Labour · what the evidence says

An independent, source-checked look at Labour’s policy “Improve Digital Connectivity” — what it would actually do across the things that affect your life. Every claim below quotes the source behind it. How this works.

Prosperity & living standards — Helps

minor · moderate confidence

Pushing to complete gigabit and 5G coverage by 2030 would extend proven economic benefits — higher productivity, more firms, and better remote-work opportunities — to the areas still unconnected.
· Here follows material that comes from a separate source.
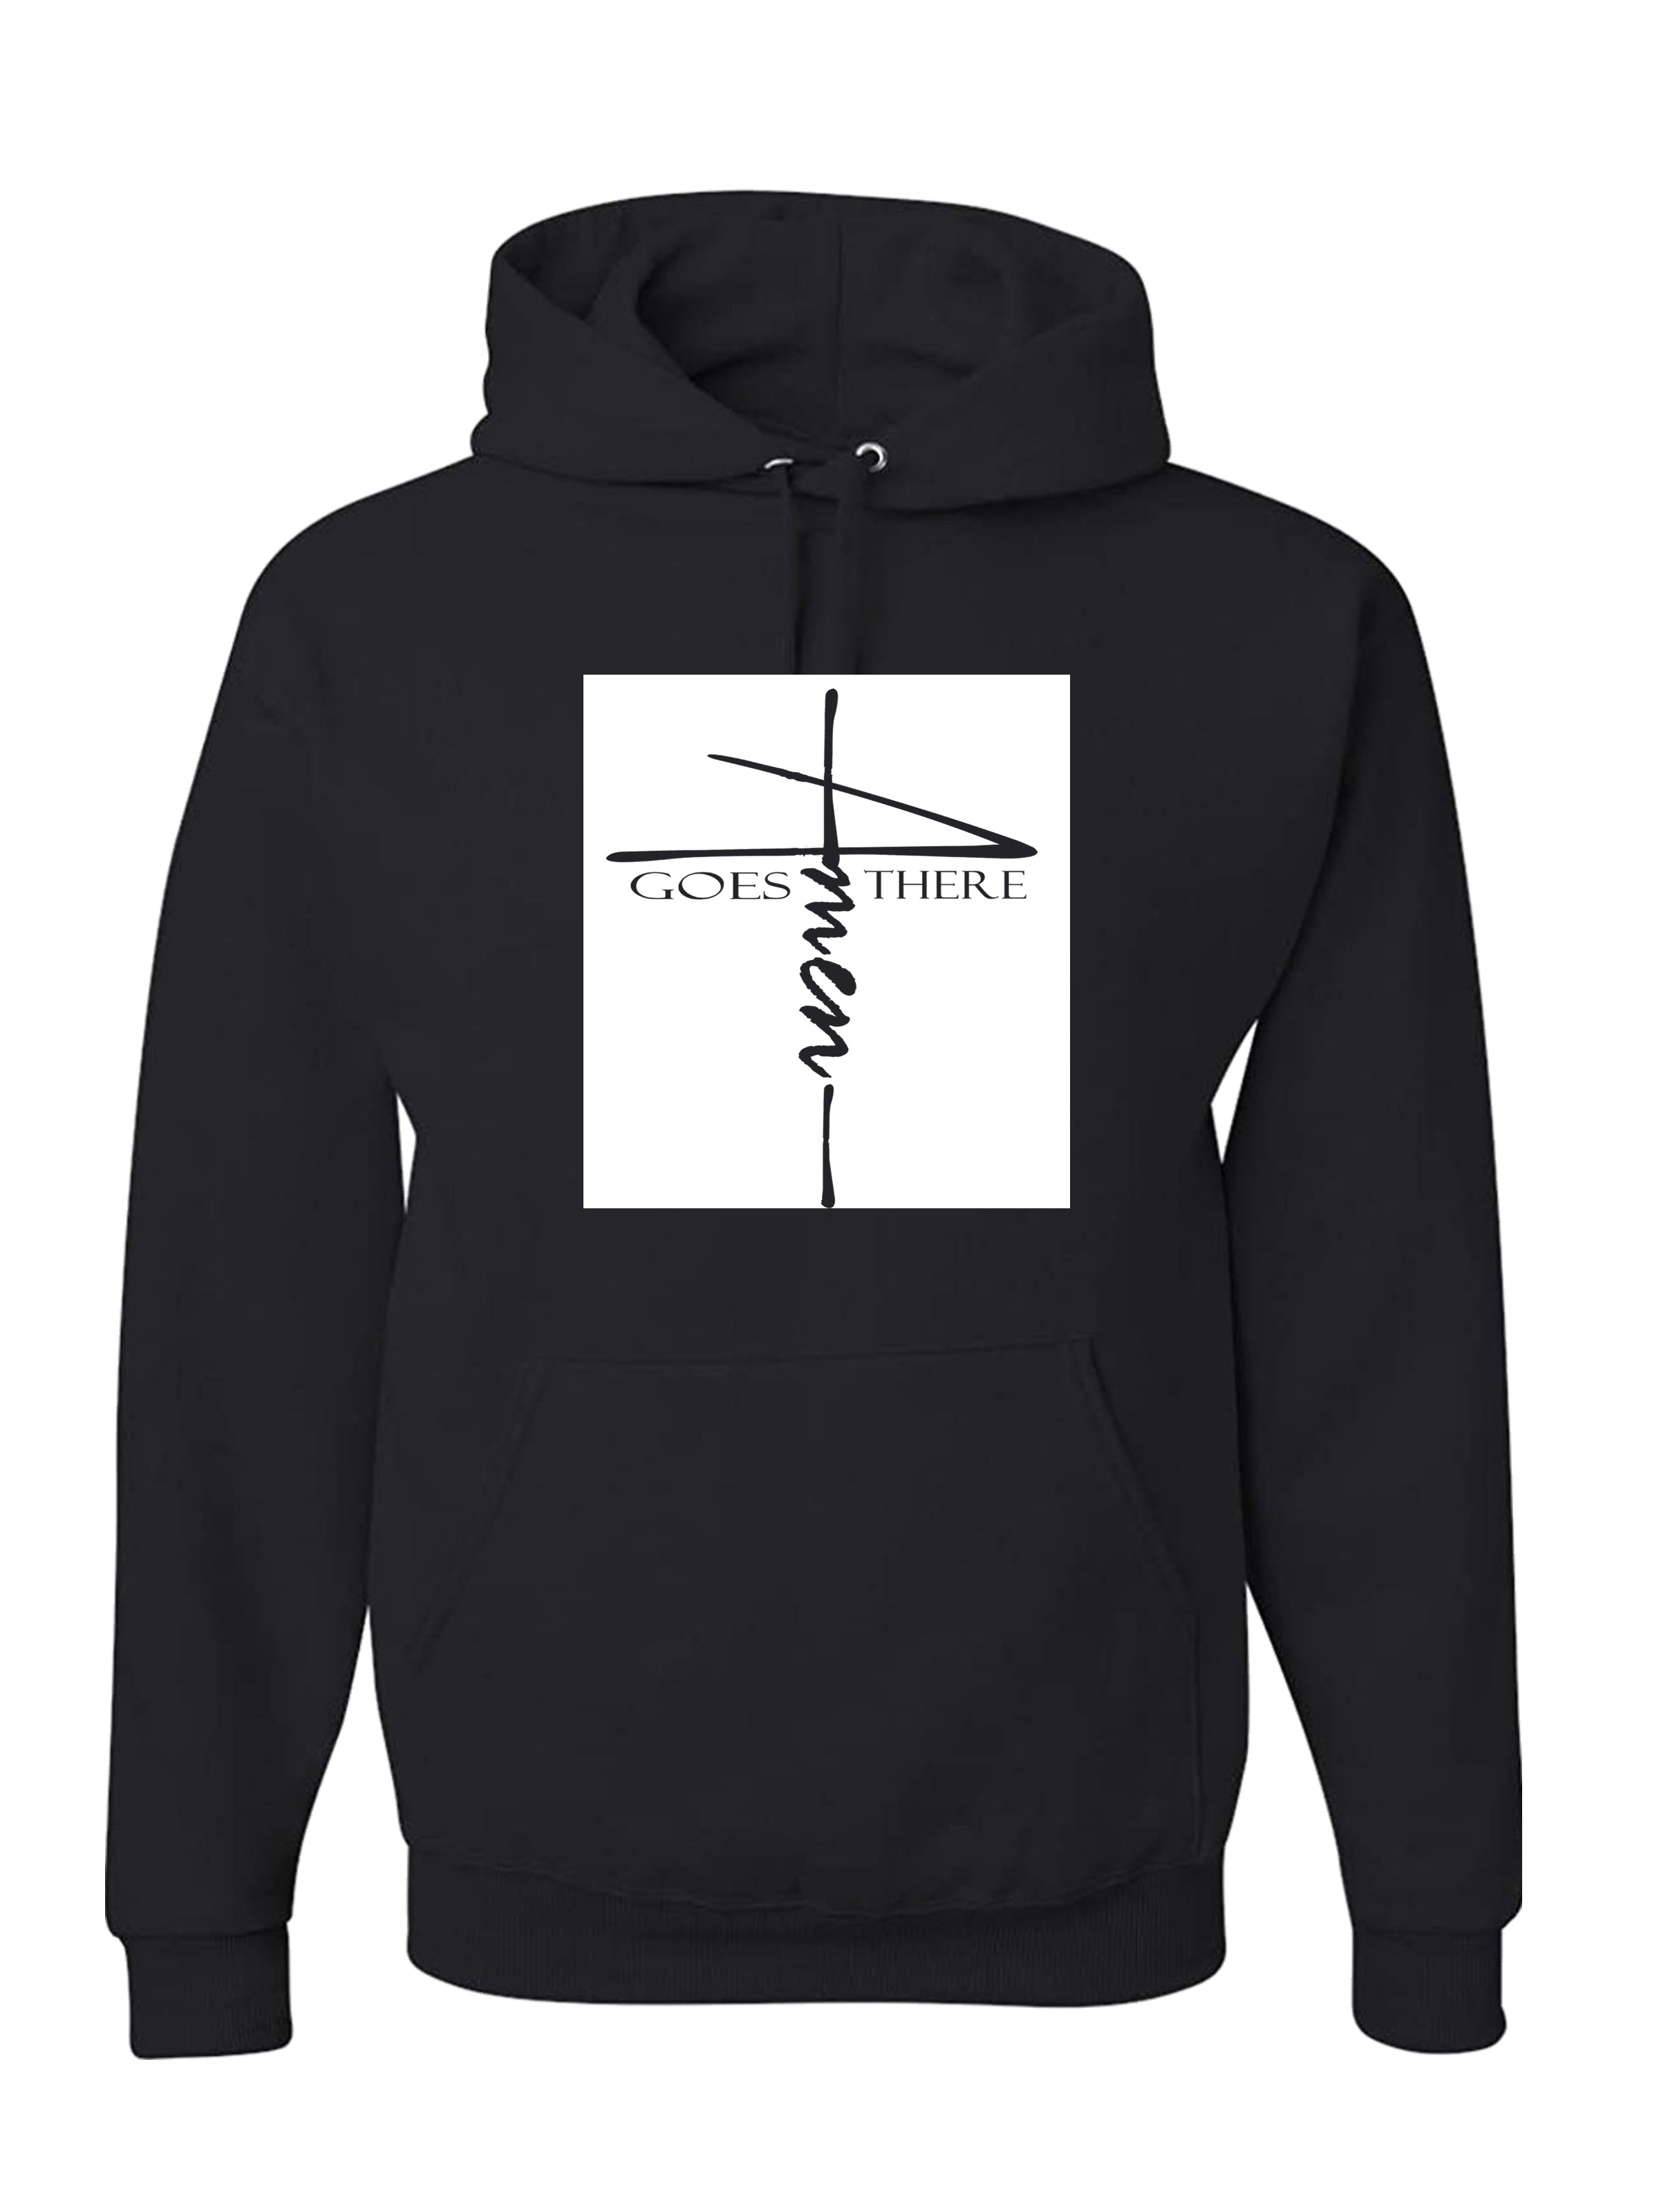 #AmenGoesThere (BOXX) Hoodie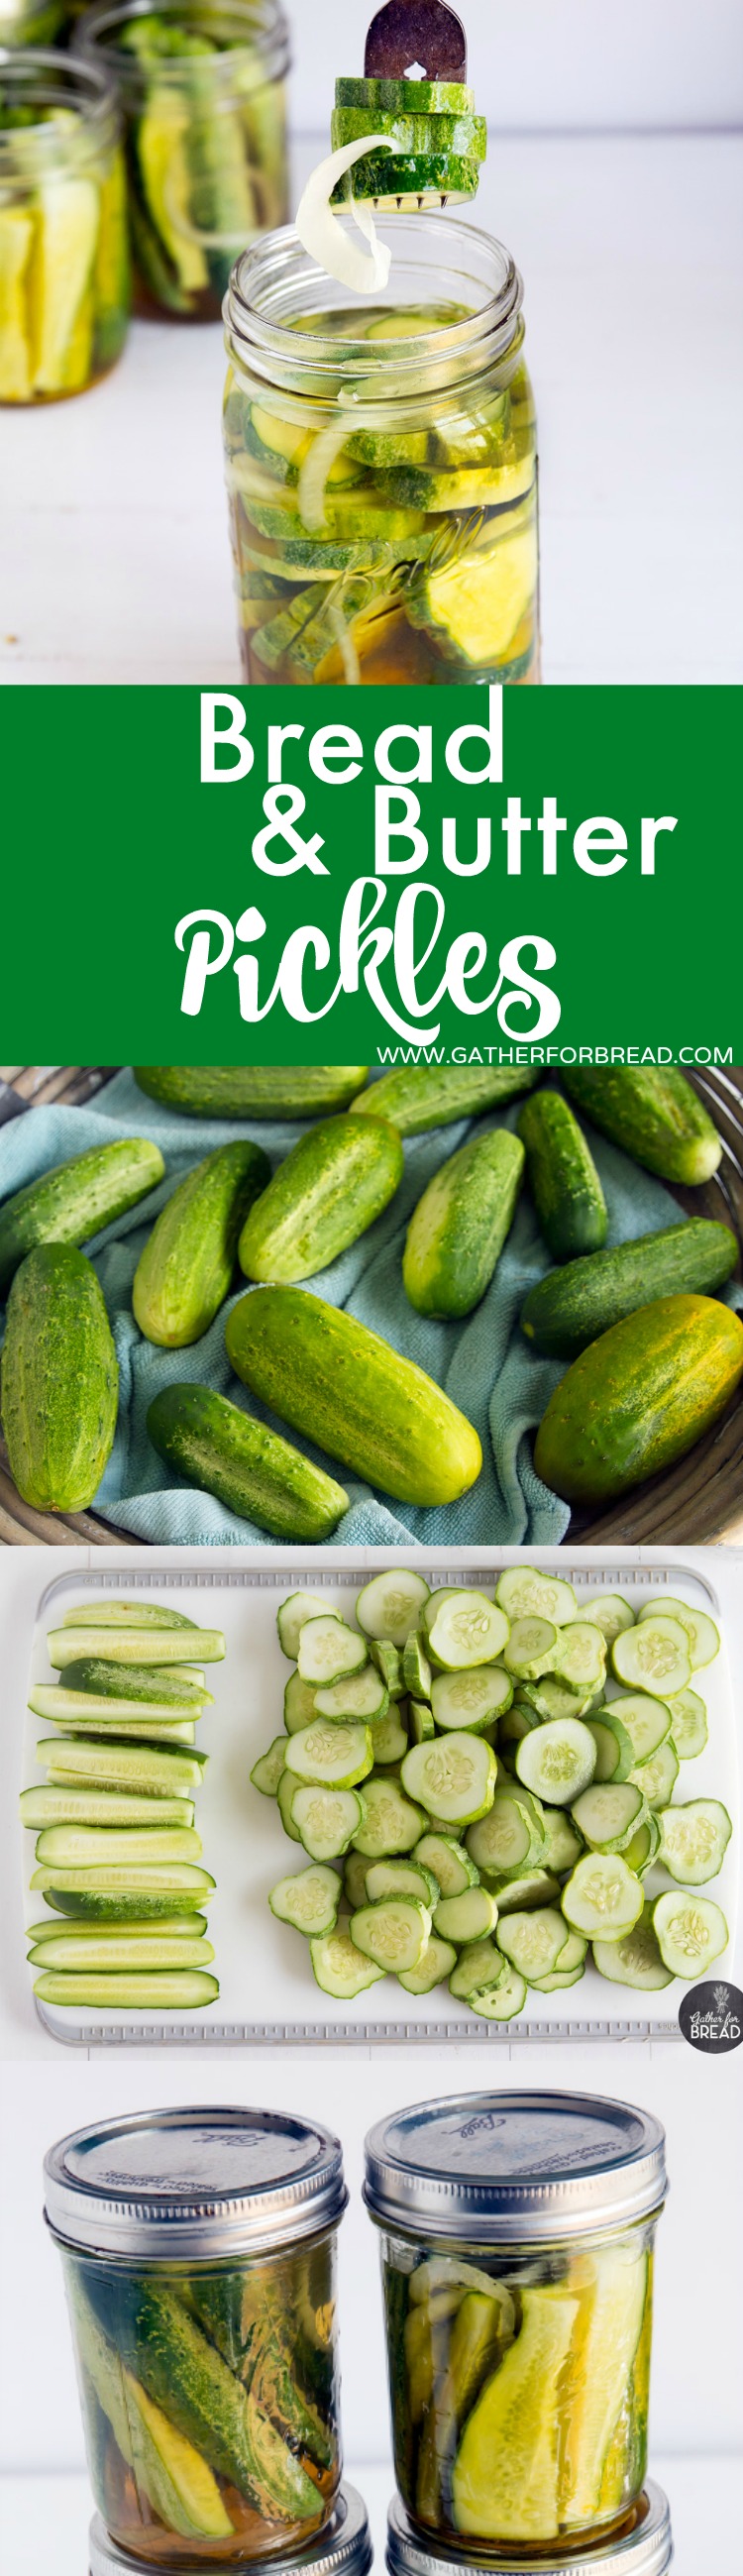 Bread and Butter Refrigerator Pickles - Quick sweet, crunchy refrigerator pickles. No heating, no canning, easy small batch recipe. Make fresh sweet pickles for summer.

Because most of the UK is already covered, the extra gain over the current government's 2032 plan is real but modest in scale.

The evidence

Biggest unknown: Whether the policy comes with committed funding and a delivery mechanism beyond the existing Project Gigabit programme — without that, the 2030 target may slip as previous targets have, limiting any additional benefit.

Our reading: The evidence establishes that improved digital connectivity has genuine, documented links to productivity growth, firm formation, and economic opportunity — all core O13 indicators. The projected figures (£73bn productivity uplift from full fibre, £159bn from 5G, a 0.6% GDP-per-head gain per 10% speed increase) are substantial, though they come from varied sources and represent the full rollout gain rather than the marginal gain from this policy specifically. The critical context for O13 is that 90.5% of UK premises already have gigabit access, and the existing government programme targets 99% by 2032. This policy's marginal contribution is therefore the final ~10% of premises and an acceleration of roughly two years relative to the current trajectory. The remaining unconnected premises are disproportionately in rural, harder-to-reach areas — precisely where connectivity gaps suppress economic opportunity and where the productivity and mobility gains from connection are most meaningful. This does represent a real, if bounded, improvement to opportunity and living standards for those areas. However, the policy text commits only to a 'renewed push' — a soft verb with no stated committed funding instrument beyond what already exists under Project Gigabit. Past targets have been revised when delivery proved harder than expected, and the DCMS Select Committee noted sector scepticism about previous ambitious deadlines. Without a clear funded mechanism, there is delivery risk that limits confidence in the full gain materialising by 2030. On the dual horizon: near-term effects are limited (most coverage already exists); the long-term productivity and opportunity gains for currently-excluded communities are real and evidence-supported, but the marginal improvement over baseline trajectory is modest. Magnitude is scored minor rather than moderate because the counterfactual already includes substantial coverage expansion under existing policy. The direction is nonetheless 'improves' because the evidence for connectivity's economic benefits is credible and the policy plausibly accelerates and completes that gain.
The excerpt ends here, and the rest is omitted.